其实厢房里的动静并不小,可薛定却不太明白那些护卫为何一个都没进来,或许是这老东西晚上都让他们离得远远的了。
他看得出圣女确实是想杀了这老东西,但他又觉得,她的眼神中似乎并没有那种深仇大恨,更多的只是厌恶。
薛定摇摇头,他也懒得去想太多,毕竟他不知道的事情多了去,他现在可谓是身心疲惫,根本不可能有时间和精力把什么事情都搞清楚。
话说回来,这老东西还是非常惜命的,经过一番盘问,他把知道的事情都全盘托出了。
就在五天前,这位秦州的州牧曹大人接到渡口的传书,书信上说晋军发现黄河西岸集结了大量的胡人骑兵,数量不下十万。
此次负责东岸防守的,是朝廷派来的一位骠骑将军,他下令让州牧把几个郡的驻军都集结起来,然后抽调到东岸配合他们一起防守。
起初,他们并不知道对面的是从凉州逃出来的流民,因为他们派去侦探的人马回来说,在黄河西岸发现了大量的马匹。
后来,西岸那边来了一位叫“好人”的头领,他自称是西平郡的郡守,说是带着十万流民想过东岸。
然而,这秦州牧根本就不认识这个所谓的“好人”,他只知道西平郡的郡守姓陈。
毕竟凉州早已乱成了一锅粥,那些朝廷命官不是死了就是逃了,最近那边发生的事外界亦并不知情,而朝廷也没有什么文书说西平的郡守已经换人了。
此外,那些晋朝将军也觉得情况不对,这凉州的几十万大军都没一人能逃回来,怎么可能一下子涌现出这么多流民?竟还安然无恙!
再加上他们都骑着战马,而且这些马匹还全都是匈奴大马。
流民他们见得多了,但哪里见过这样的阵容?别说是他们这些外军了,就算那些朝廷的中军加起来,恐怕也凑不出那么多战马。
所以那些晋军将领一口咬定,这些流民全都是胡人假扮的,目的就是想混过黄河潜到后方去搞破坏。
“其实本官…不,其实小人觉得此事甚是蹊跷,毕竟胡人与华夏之人的相貌差异显着。所以小人觉得,他们兴许正是从凉州出逃的流民,于是便派人过河再三确认。
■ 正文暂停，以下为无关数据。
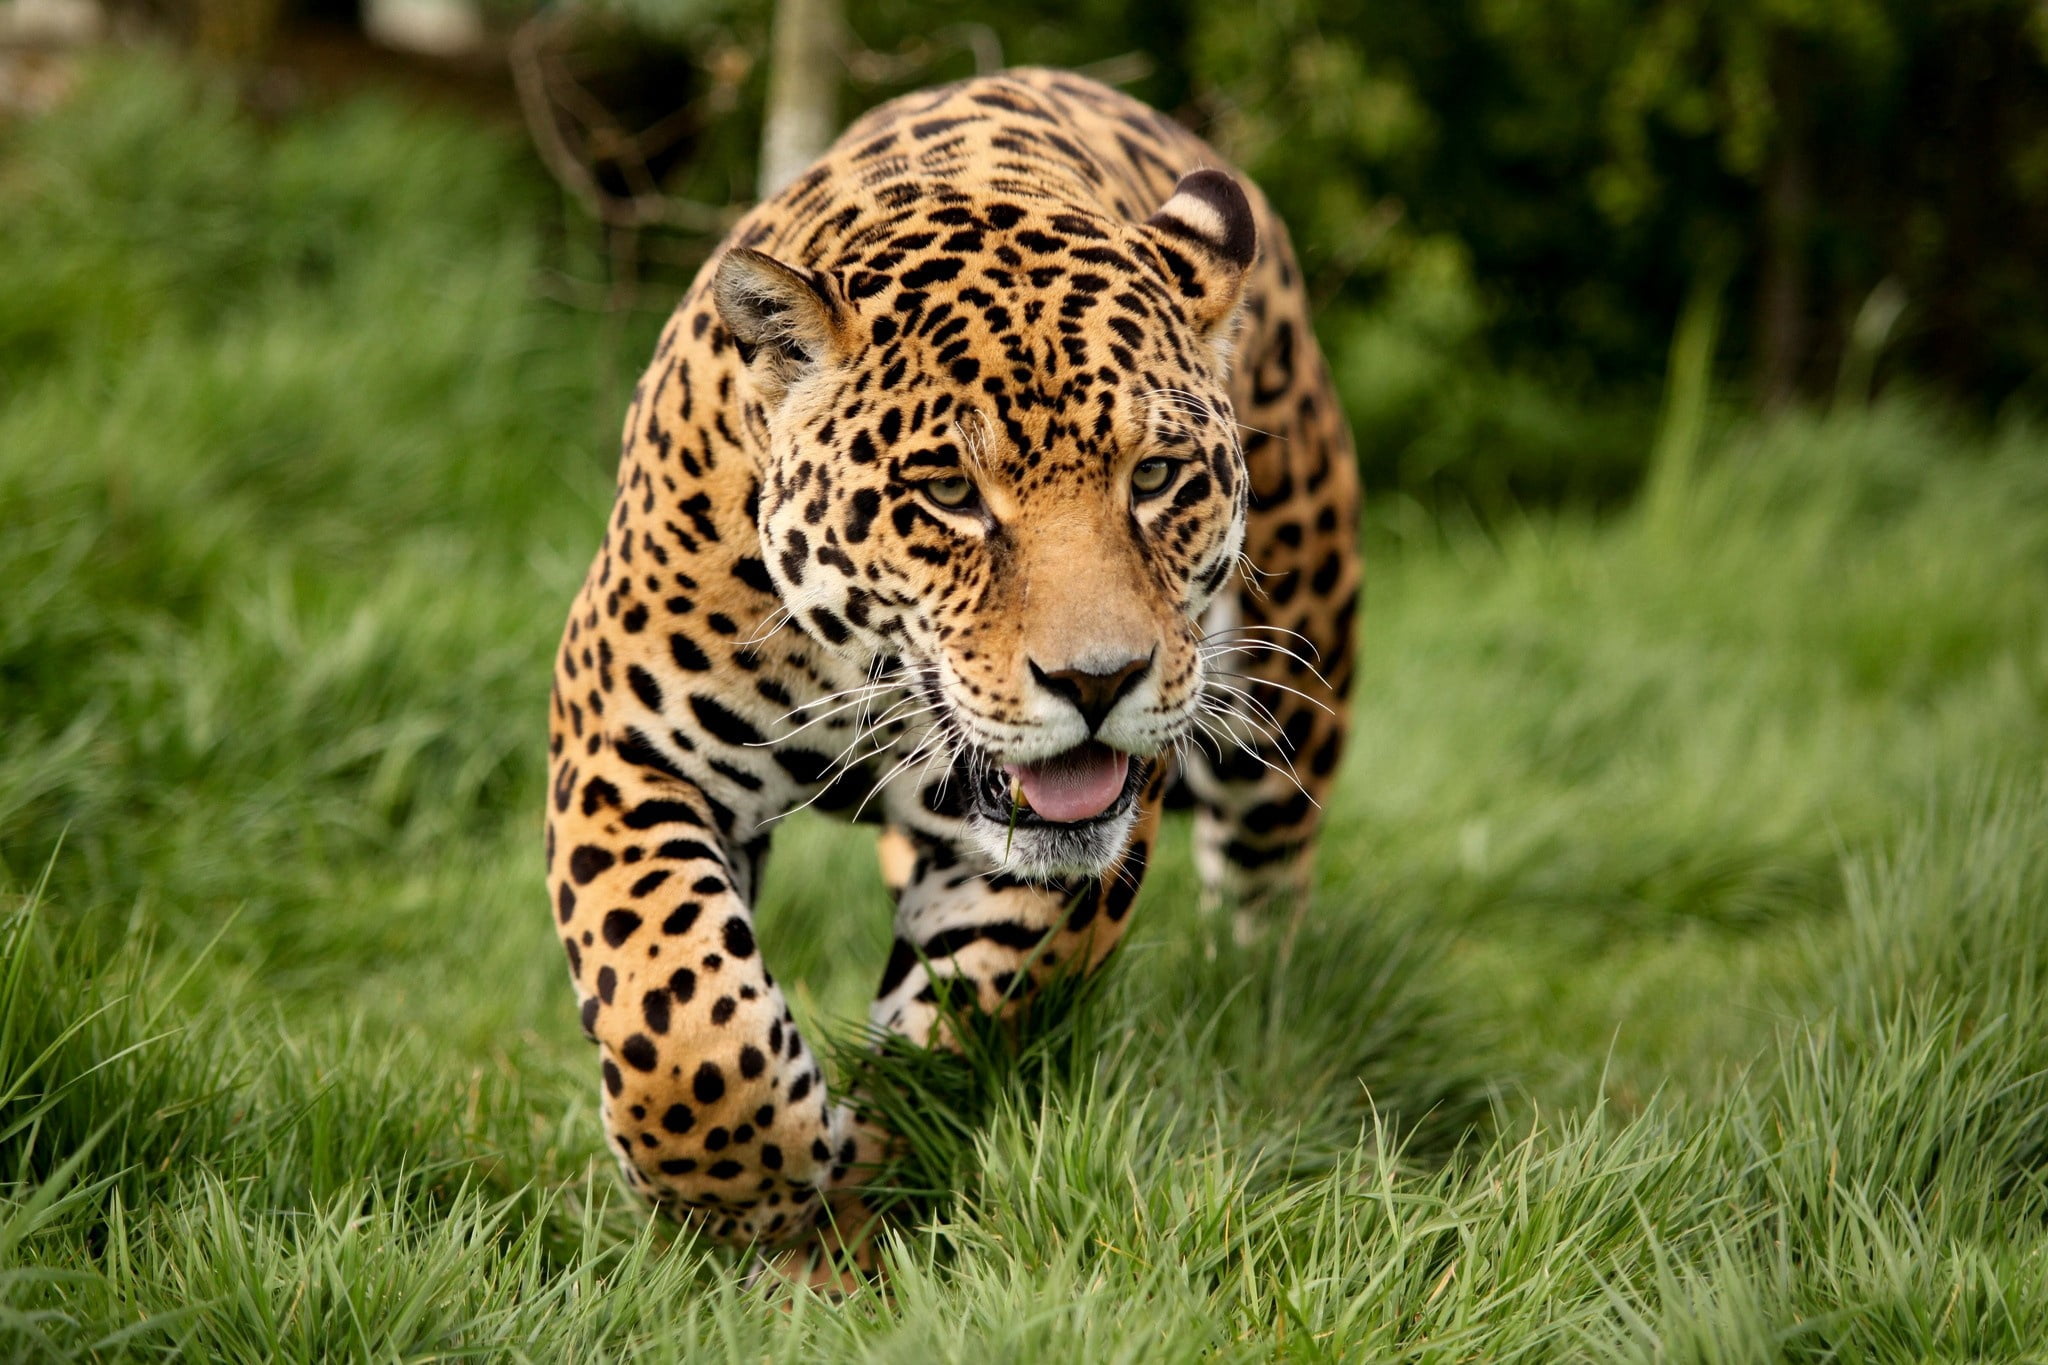 leopard on green grass

而派去之人回报,他所闻所见与那好人所言并无二致,而且西岸还有不少战斗过的痕迹,亦有不少胡人的尸首。只不过…”
州牧一边描述,一边呻吟,痛得是全身颤抖。
“不过什么?”
薛定刚想又一脚把这州牧给踹翻,不过看他挺配合,而且他现在也还不能死,最终还忍住了。
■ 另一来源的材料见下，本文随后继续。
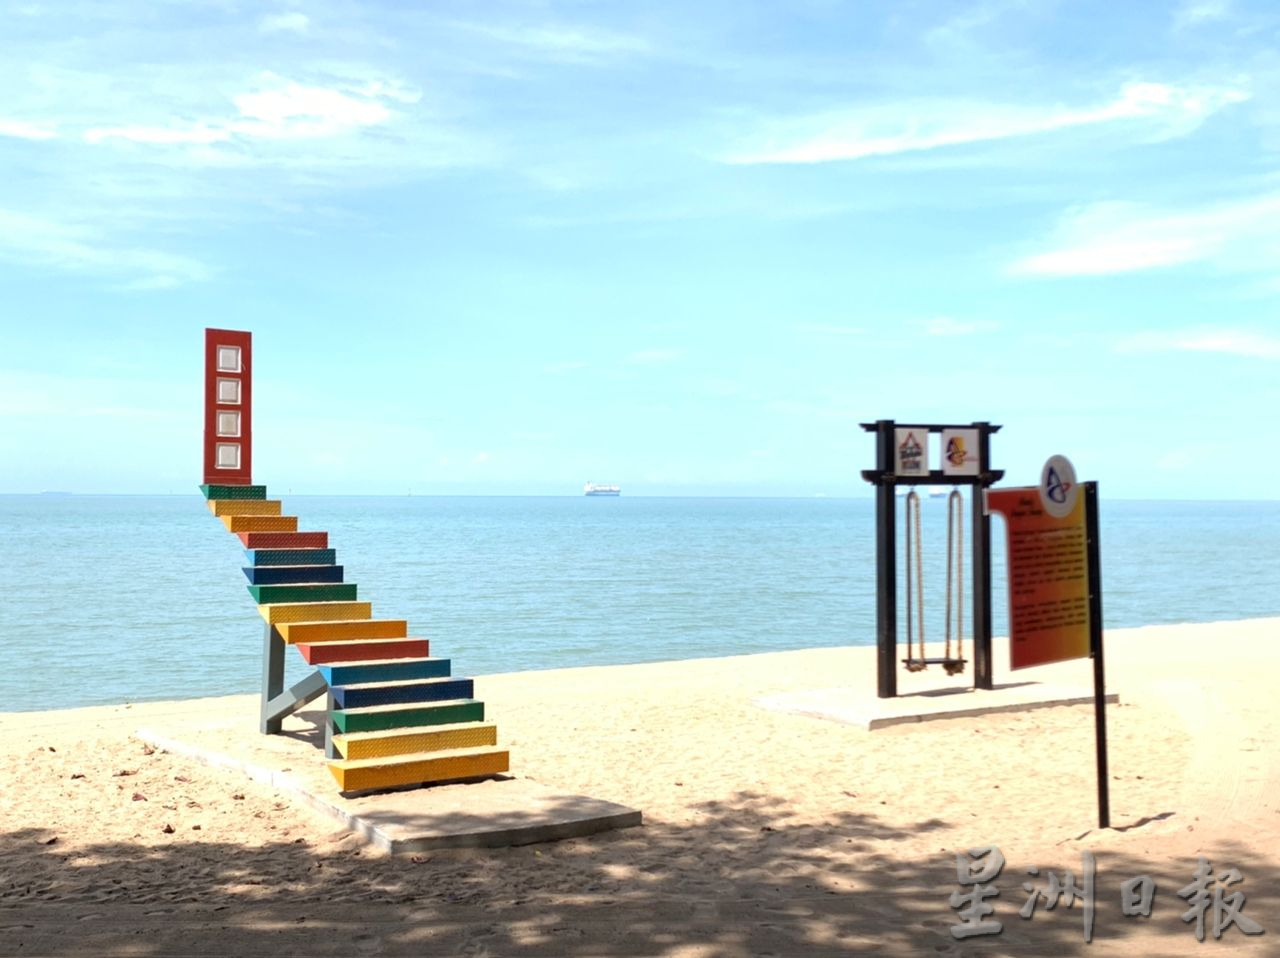 （古城封面主文）亚罗牙也市议会3海滩设“彩虹天梯”及秋千

“那个…师太,能不能给他一颗保命的丹药,这王八蛋还有用。”
圣女瞪了薛定一眼,显然有些不悦。薛定也不知道她是嫌这称呼太重口味,还是因为他要留这老东西的狗命。
不过,既然薛定都这么说了,圣女倒也没有拆台,于是掏出了一颗“银翘解毒丸”扔给了那州牧。
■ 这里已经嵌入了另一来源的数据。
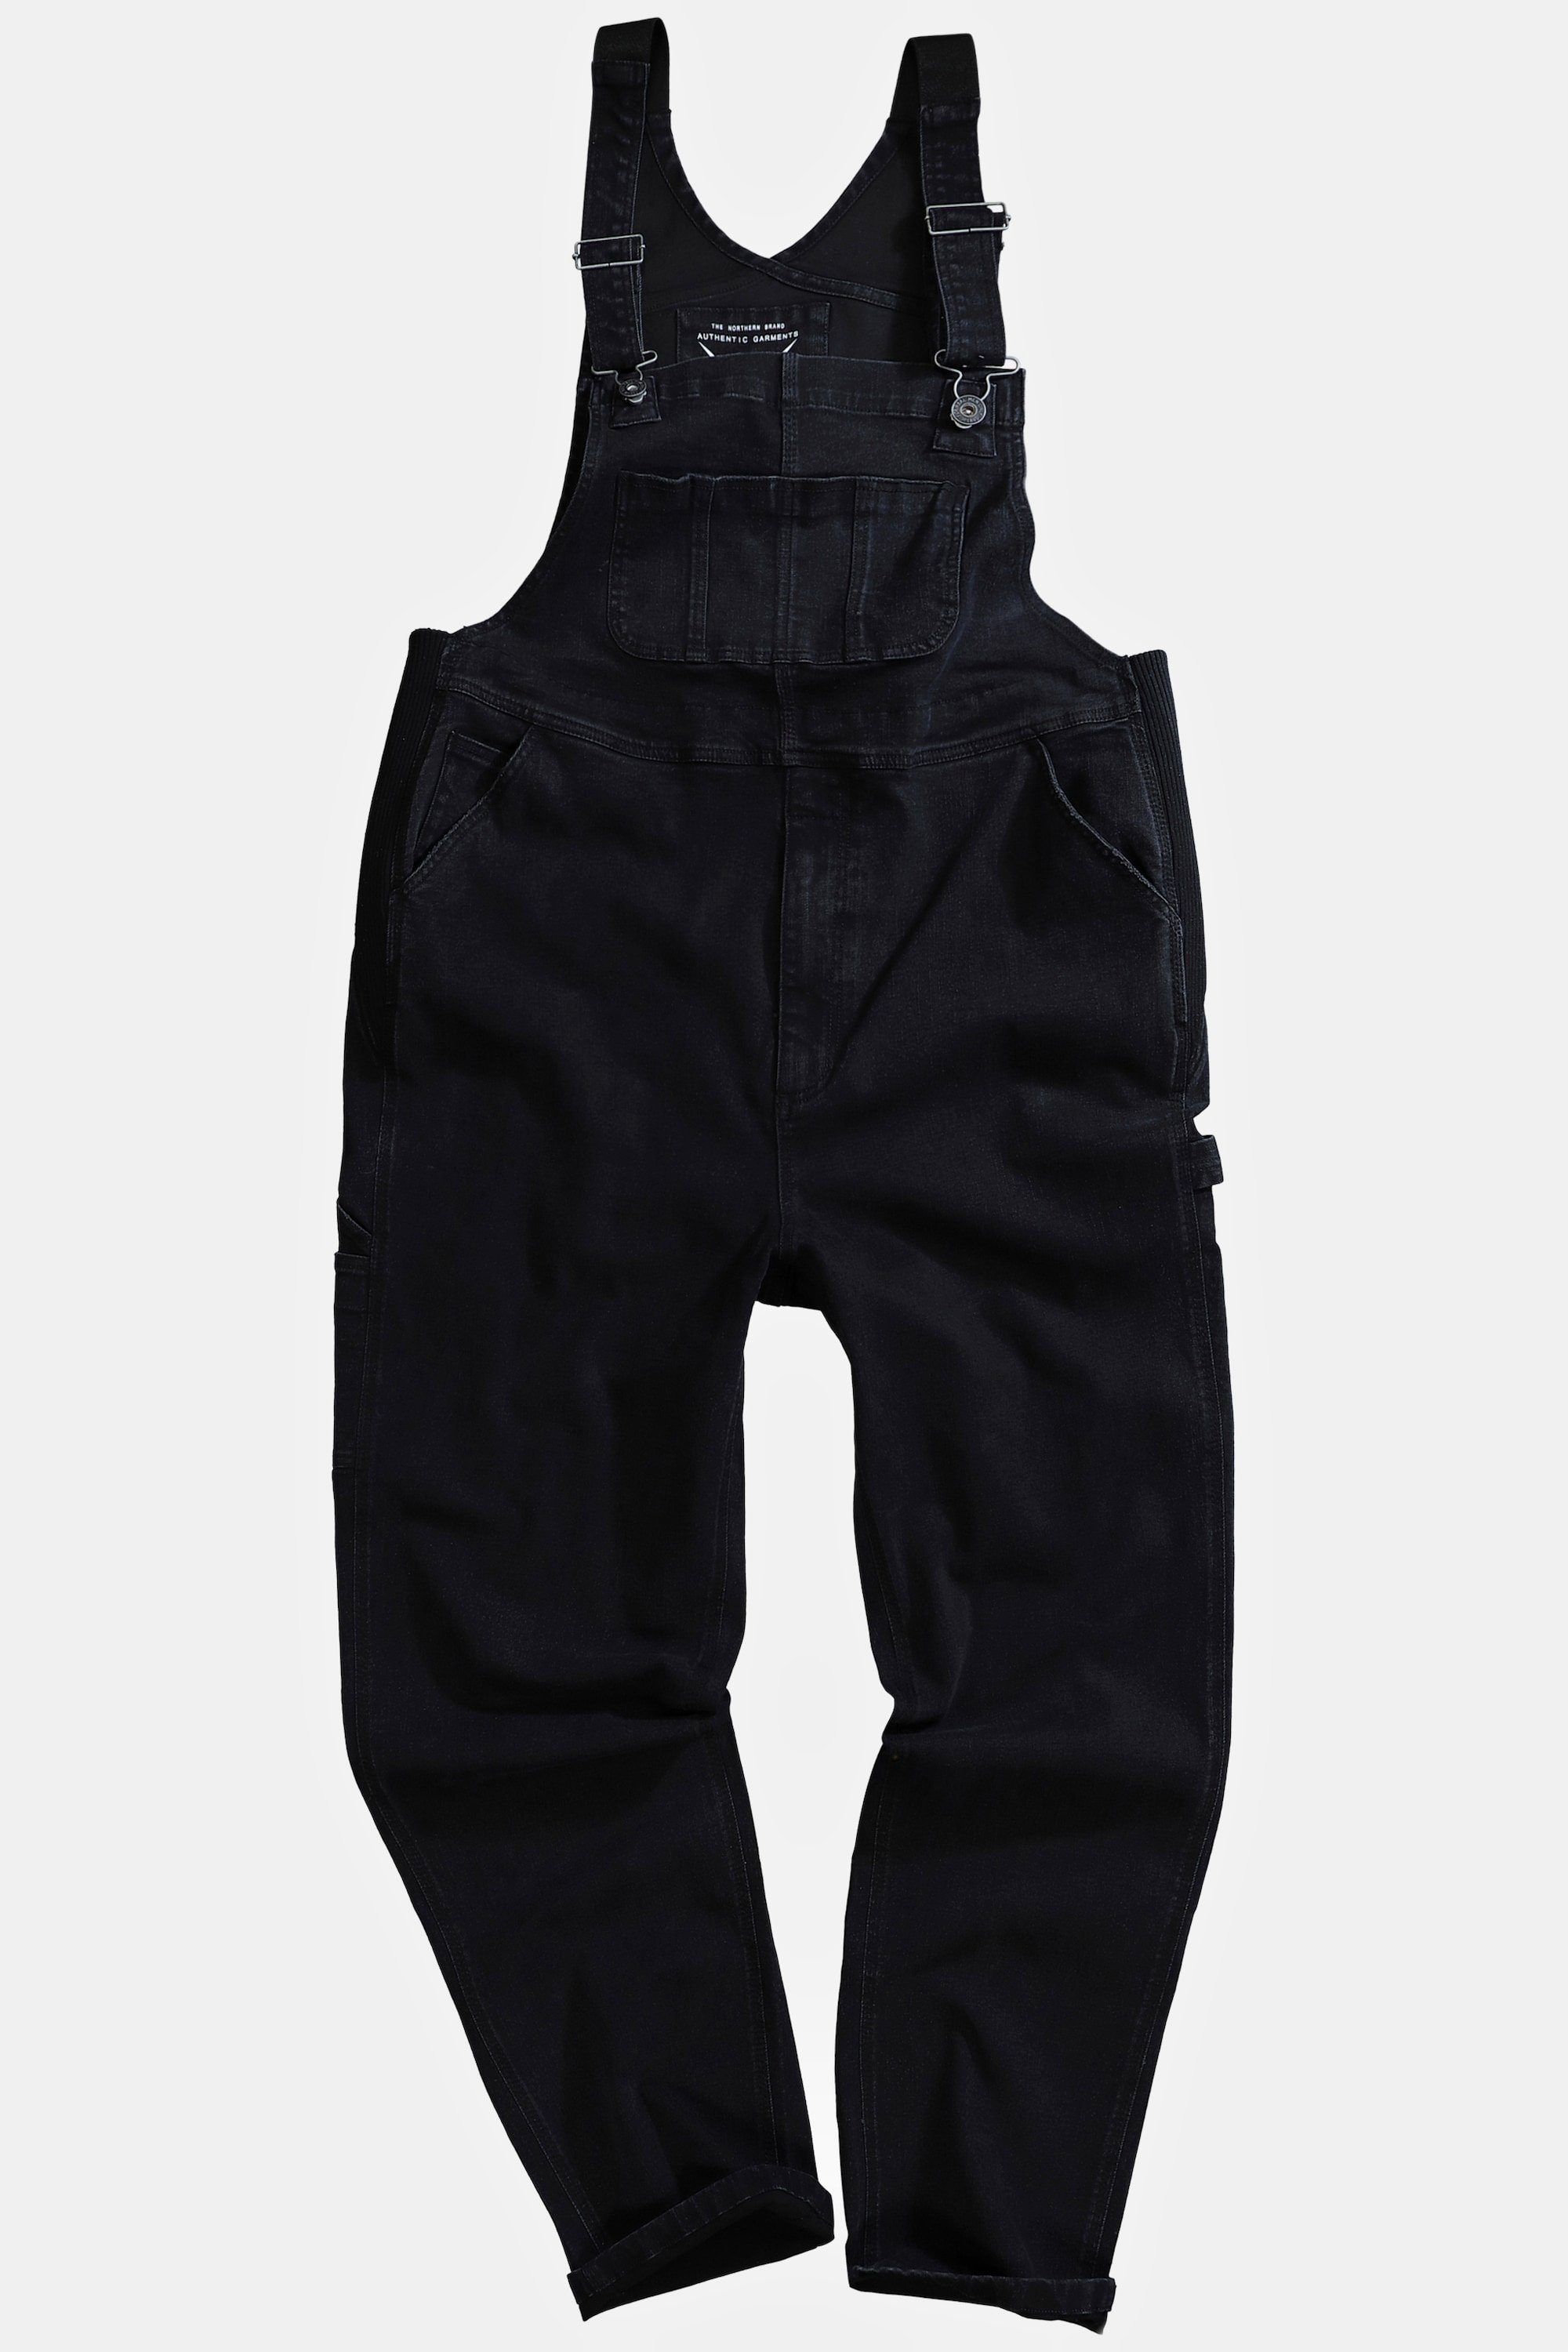 JP1880 Cargohose Fit Workwear Latzhose Jeans viele schwarz Taschen Relaxed

州牧接过丹药,连忙感恩戴德了一番,也不管这是毒还是蛊了,嚼都不嚼便一口咽了下去。
“多谢两位英雄不杀之恩,其实…其实并非小人为官不仁,小人倒也想当个清官,可这官场…他不允许啊!正所谓官场如…”
“喂喂喂,扯哪去了!我现在不杀你,不代表我不会变卦。想留住这条狗命,你最好还是老老实实!”
薛定说罢便一抬腿,眼看就要朝这州牧踹去。
“别别别…我说…”
从这州牧的口中薛定得知,那些晋军将领最后还是同意了让这些平民过河。不过他们提出的条件是,所有人都必须放下武器,而且还要先派人把他们的那些战马都牵过来。当然,连同马上的物资也都一并没收了。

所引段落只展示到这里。